La “volatilità” sui mercati è la costante delle ultime settimane e per il momento non si vede la fine. Nei prossimi mesi e trimestri si possono individuare tre temi che terranno occupati gli investitori e che continueranno a causare movimenti bruschi. La prima questione, che è anche la più immediata, è la guerra commerciale che gli Stati Uniti stanno conducendo contro la Cina e in seconda battuta “contro” gli alleati dell’Unione europea e del Giappone. Gli obiettivi dell’America di Trump sono abbastanza chiari e comprensibili e si sostanziano nel tentativo di riequilibrare squilibri commerciali ormai insostenibili sia economicamente, sia, almeno verso la Cina, politicamente data la competizione tra le due potenze. Quello che i mercati non capiscono ancora è quanto cruenta e quanto lunga sarà questa guerra e quanto sono distanti le posizioni; si potrà avere una prima indicazione al prossimo G7, ma è assolutamente possibile che il tema continui per buona parte del 2020.

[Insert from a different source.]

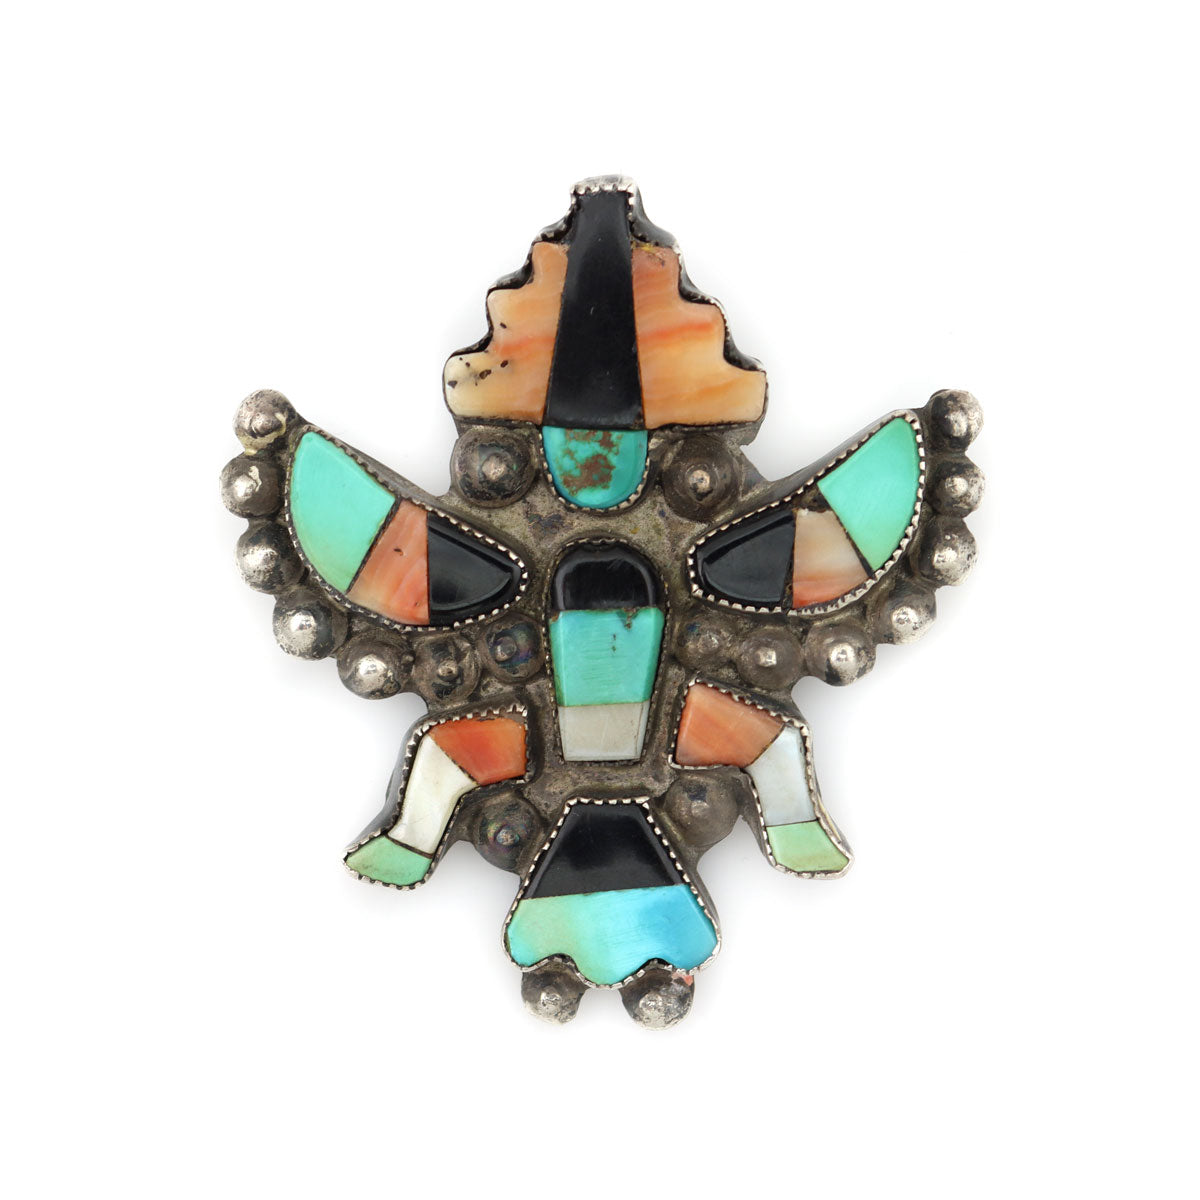 Zuni Multi-Stone Inlay and Silver Knifewing God Pin c. 1940s, 2.125" x 2" (J14031-CO)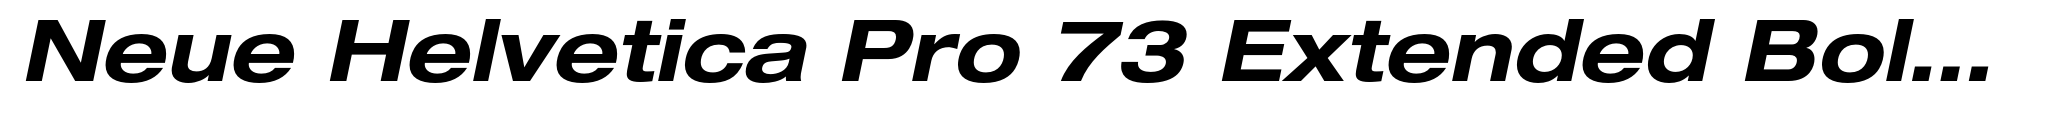 Neue Helvetica Pro 73 Extended Bold Oblique image

La seconda questione è quando la Fed e poi le banche centrali romperanno la finzione sulle politiche monetarie cominciando un nuovo “round” di Quantitative easing. Al momento è possibile collocare questa inversione pubblica a settembre, ma i mercati hanno dimostrato già a dicembre dello scorso anno un nervosismo e una fragilità sorprendenti. Dal punto di vista dei mercati oggi le banche centrali sono già palesemente in ritardo e i rischi si accumulano. La domanda è quanti rischi le banche centrali e soprattutto la Fed sono disposti a correre aspettando a narrare l’inversione della politica monetaria. Mercati in subbuglio darebbero la scusa perfetta per posticipare almeno di un anno i problemi. Il posticipo sarebbe funzionale alla guerra commerciale e alla prossima campagna elettorale americana.
La terza questione, quella meno immediata, è legata al combinato di rallentamento globale e squilibri “finanziari” mai risolti dopo la crisi del 2008. L’esplosione dei debiti statali con cui si è affrontato il dopo Lehman e le scorie ampiamente presenti nelle istituzioni finanziarie e tra i consumatori sono temi ancora irrisolti. Quanto fatto dal 2009 in avanti non può essere ripetuto all’infinito. Questa è una sfida che interroga l’Unione europea profondamente. Il suo modello economico non è più sostenibile e le sue istituzioni sono le meno preparate e adatte per spingere la crescita in modo uniforme.
America e Cina hanno problemi enormi, ma hanno una stabilità “politica” che l’Europa non ha. In questo scenario il problema “italiano” è sostanzialmente un problema di collocazione all’interno dell’Unione. L’attuale accordo tra Italia e centro carolingio non consentirà mai una ripresa vera neanche a un Governo di ottimati. Fingere che si possa risolvere il problema italiano senza affrontare questo aspetto è un’enorme mistificazione.